(STUDY MATERIAL)

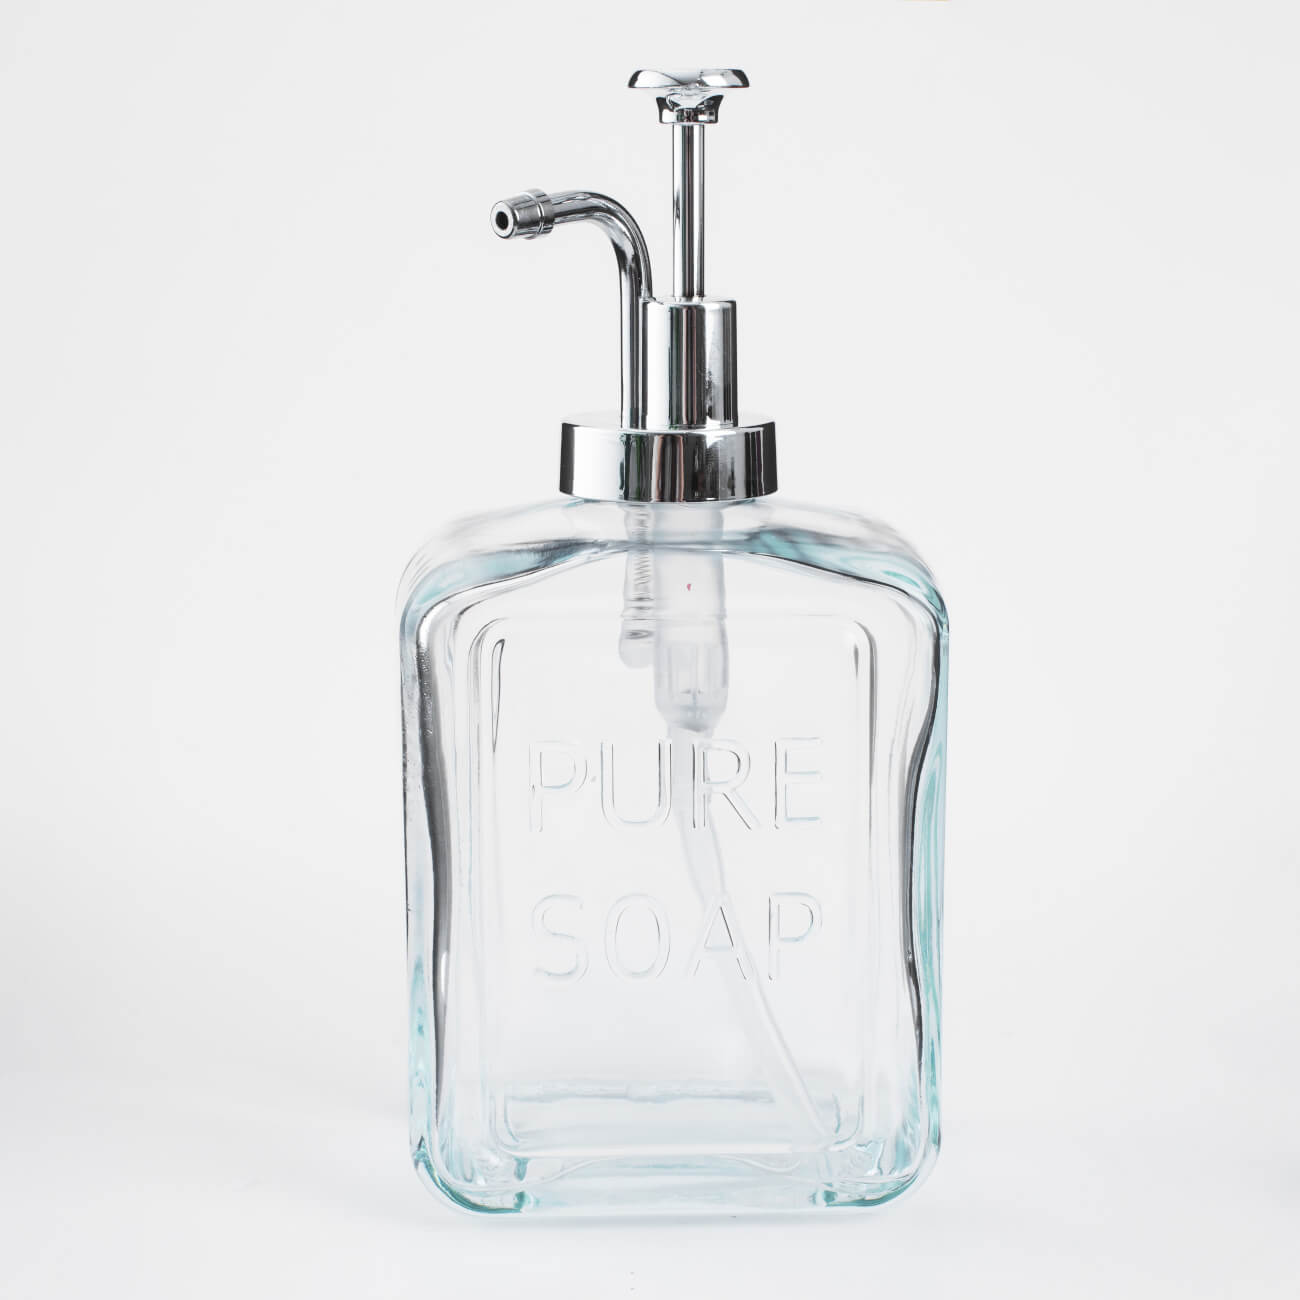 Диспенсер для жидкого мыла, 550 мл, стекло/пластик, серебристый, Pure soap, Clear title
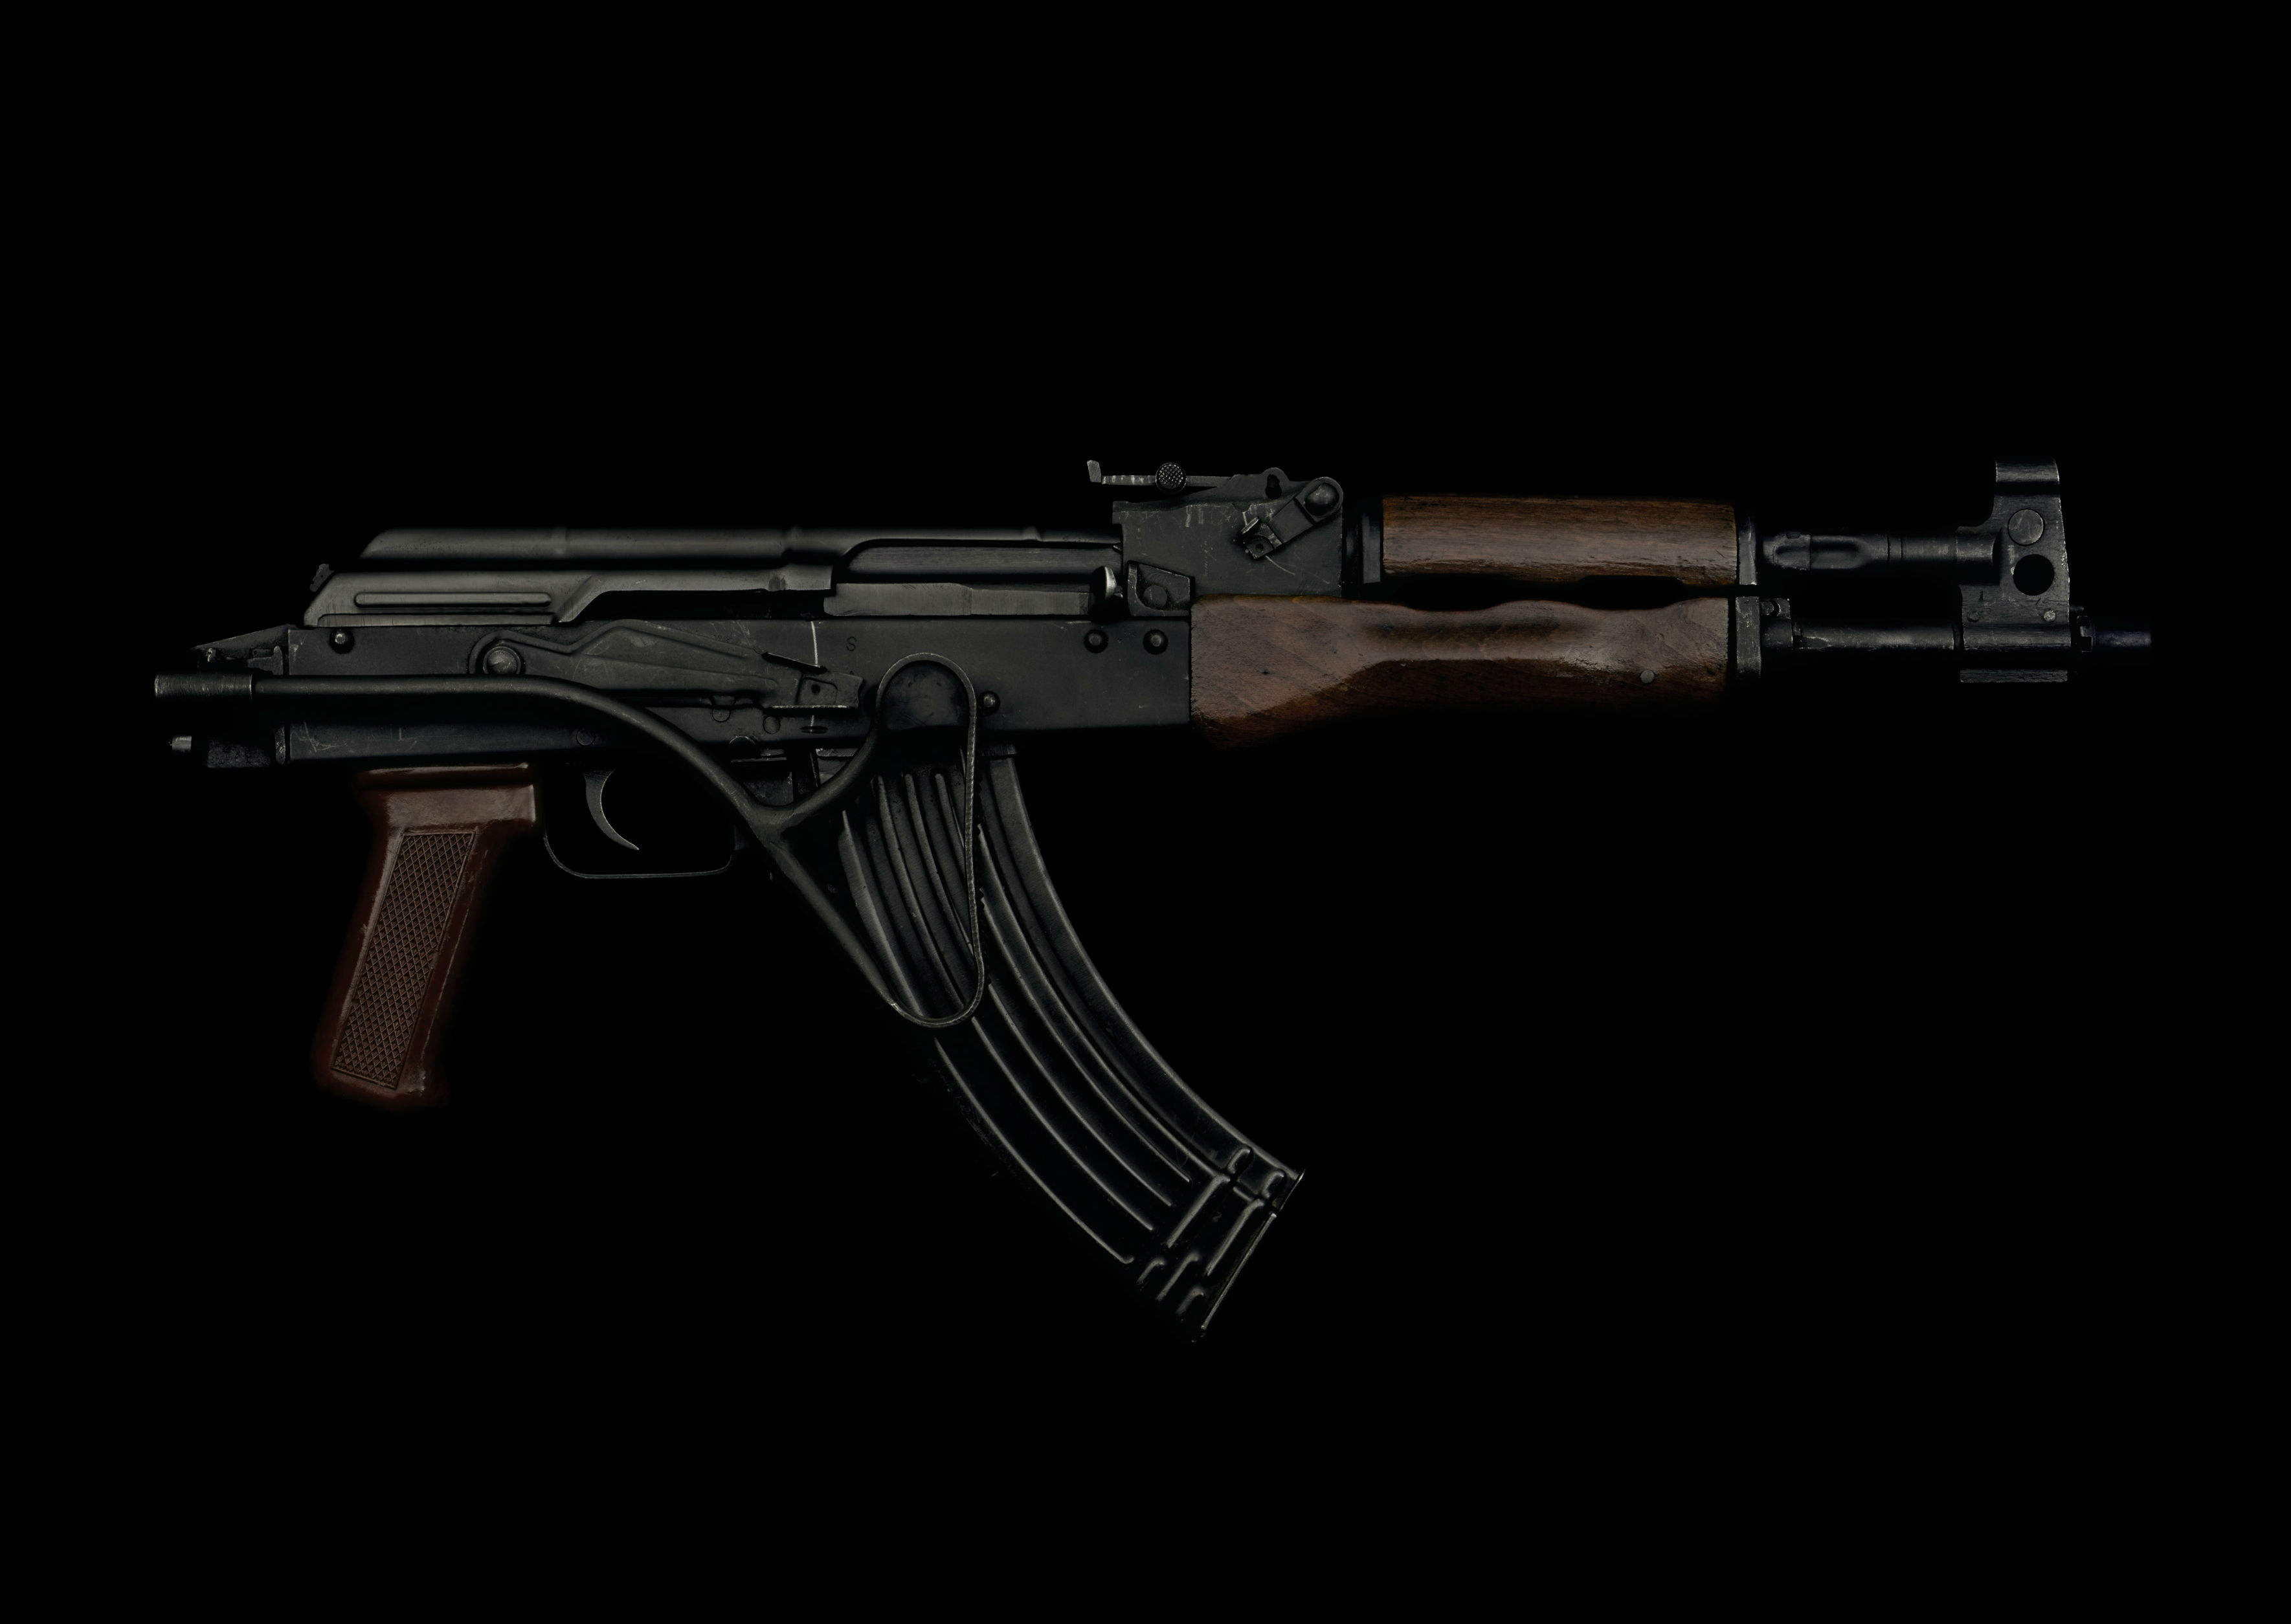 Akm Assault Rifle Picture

(End STUDY MATERIAL)
(STUDY MATERIAL)

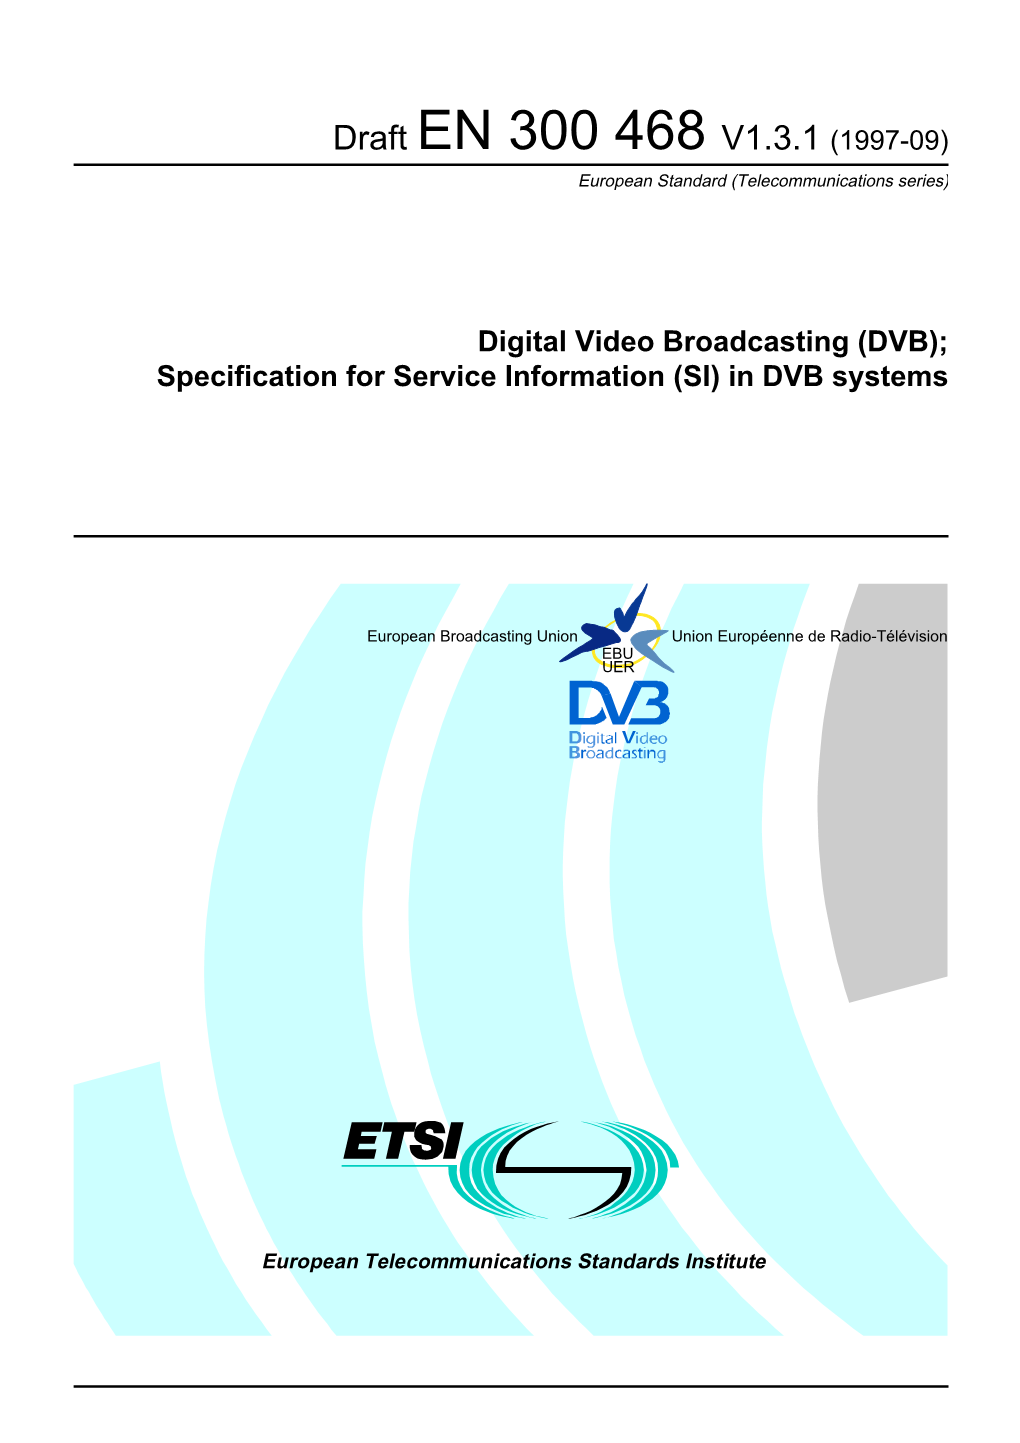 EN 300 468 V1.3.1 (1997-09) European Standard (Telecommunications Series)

(End STUDY MATERIAL)

- **EXERCISE GOAL**: Your task is to copy only the lines above starting at the one containing "Диспенсер для жидкого" and ending at the one containing "Akm Assault Rifle Picture". Copy them exactly, both ends included, and omit the pictures.

- **SOLUTION**:
 Диспенсер для жидкого мыла, 550 мл, стекло/пластик, серебристый, Pure soap, Clear title
 Akm Assault Rifle Picture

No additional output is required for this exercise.